Trophoblast FACS analysis.

The purity of the trophoblast cultures was assessed by the expression of the trophoblast marker cytokeratin-7 (KRT7), detected by FACS analysis. A sample of cells was taken before plating, and a sample of cultured cells was retrieved from the plate before further use. The cells were washed with FACS buffer and processed for intracellular staining with anti-KRT7 antibodies (RCK105, catalog no. sc-23876; Santa Cruz Biotechnology Inc.). Typically, preparations of cultured cells were >85% KRT7+. For IFNAR1 surface staining in placental cells, placentas were obtained from crossing C57BL/6J females with B6.Actin-GFP males, where fetal cells are green fluorescent protein positive (GFP+). Single-cell suspensions were prepared in the presence of phycoerythrin (PE)-labeled anti-IFNAR-1 monoclonal antibody (clone MAR1-5A3; BioLegend). FACS acquisition was carried out on a BD LSR Fortessa X-20 instrument (Becton, Dickinson and Company), and FlowJo software (Tree Star) was used to analyze the mean fluorescence intensity (MFI) of IFNAR within GFP+ cells in the trophoblast morphological gate.

Statistical analysis.

Survival curves were compared by using the log rank (Mantel-Cox) test. A Kruskal-Wallis nonparametric test with Dunn's multiple-comparison test was used for comparisons of peripheral parasitemia and placental parasite load. Comparisons of abnormal stillbirth incidences were analyzed with χ2 Fisher's exact test. Fetal weight was assessed with a linear mixed-model approach, which incorporated fetal genotype and maternal infection status as fixed effects alongside a random effect accounting for variation within each litter; analysis of variance (ANOVA) with Satterthwaite approximation for degrees of freedom was performed; and Akaike and Bayesian information criteria were also obtained and compared. This analysis was performed by using the lme4 and lmerTest packages available for R (77–79).

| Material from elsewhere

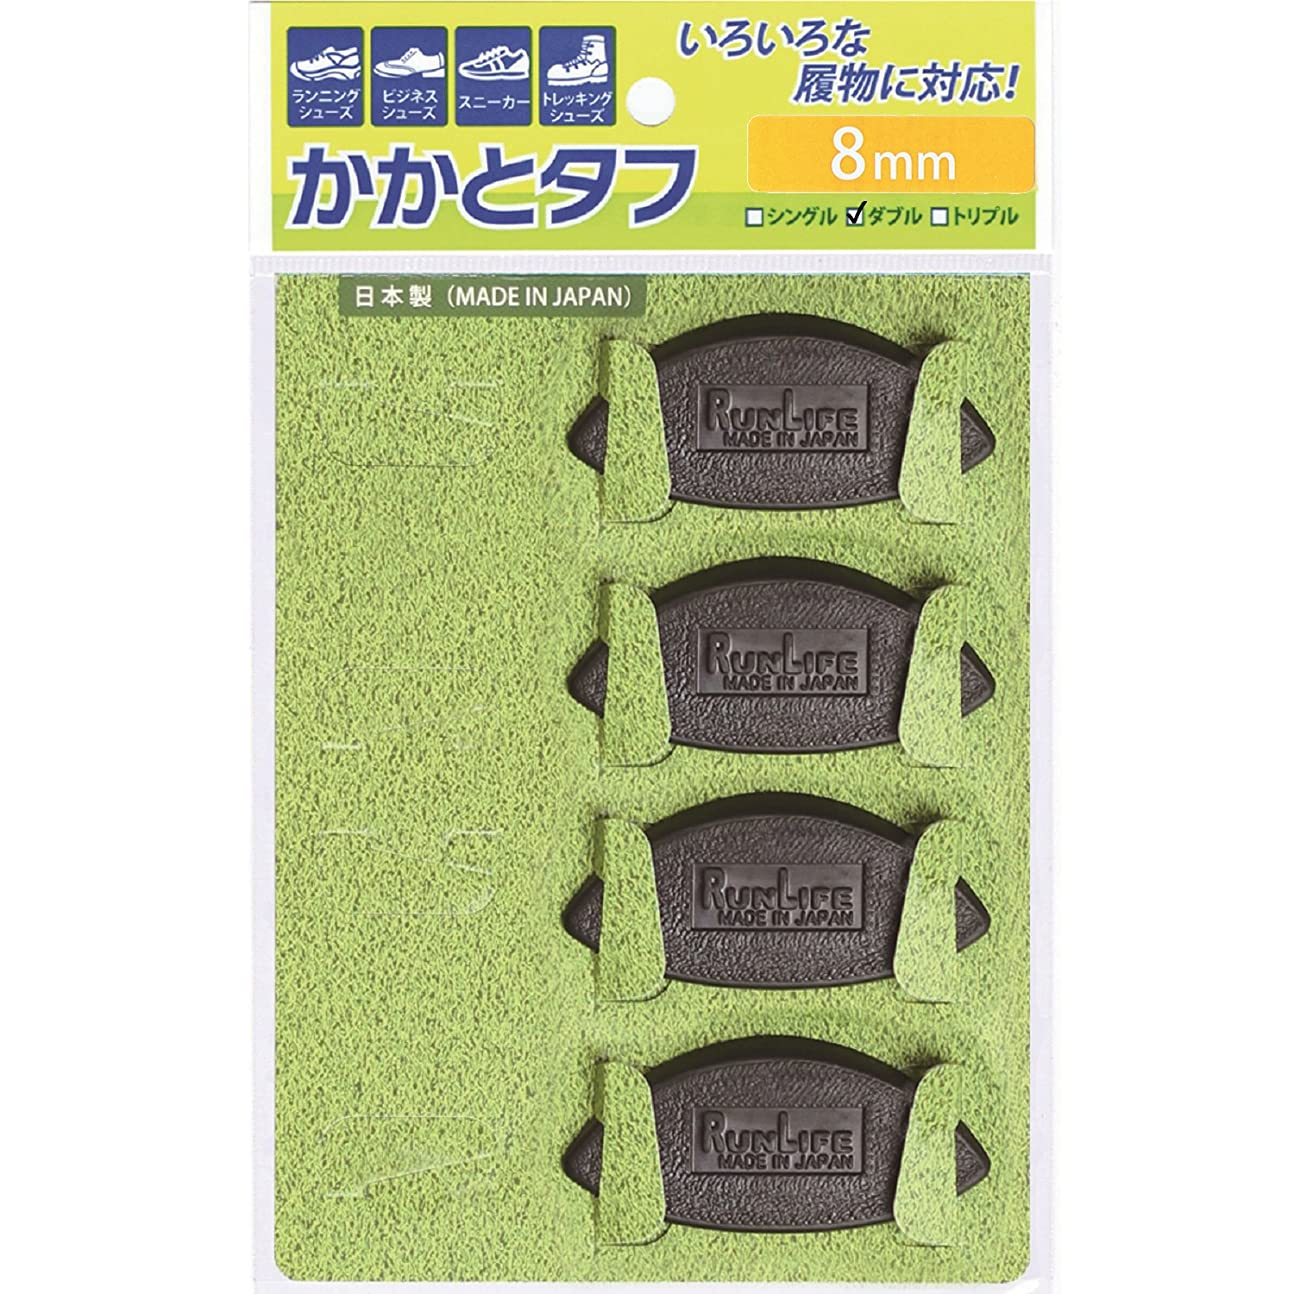 レキシコンくさび一流RunLife(ランライフ) 靴修理 シューズ補修材『 かかとタフ 』 8mm ダブル SKT-8M×4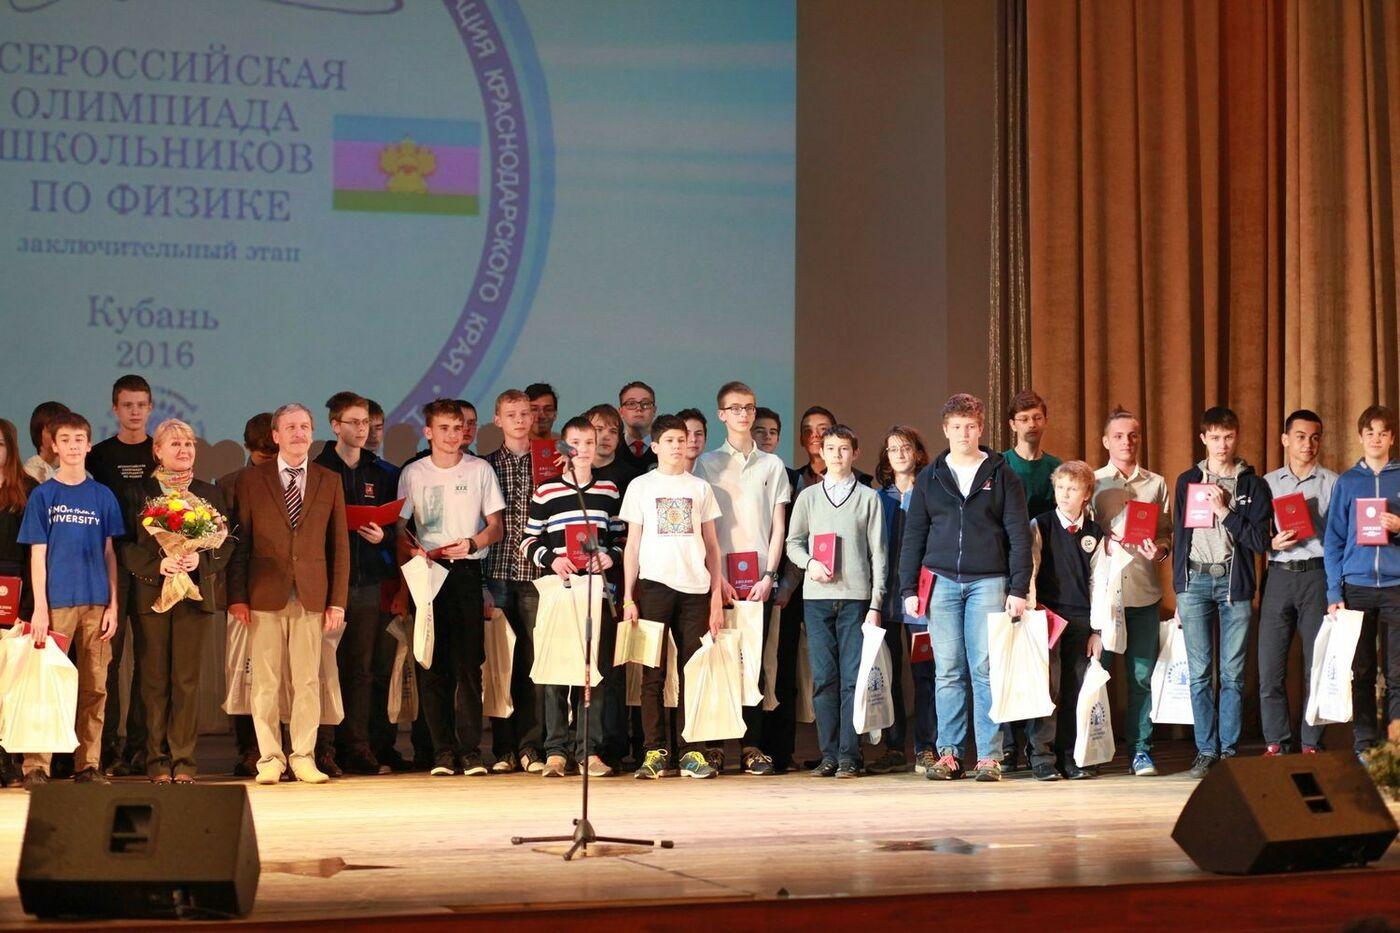 Успешное выступление на Всероссийской Олимпиаде по физике

Data were considered significant when the P value was <0.05. Power calculations from the abnormal stillbirth incidence analysis indicate that the powers of this study to detect a 50% decrease in abnormal stillbirth incidence when comparing maternal/fetal genotype combinations were 89% for WT versus Tlr4 KO, 91% for WT versus Trl4 KO/WT, 86% for Tlr4 KO versus Trl4 KO/WT, 82% for WT versus Ifnar1 KO, 82% for WT versus Ifnar1 KO/WT, and 60% for Ifnar1 KO versus Ifnar1 KO/WT.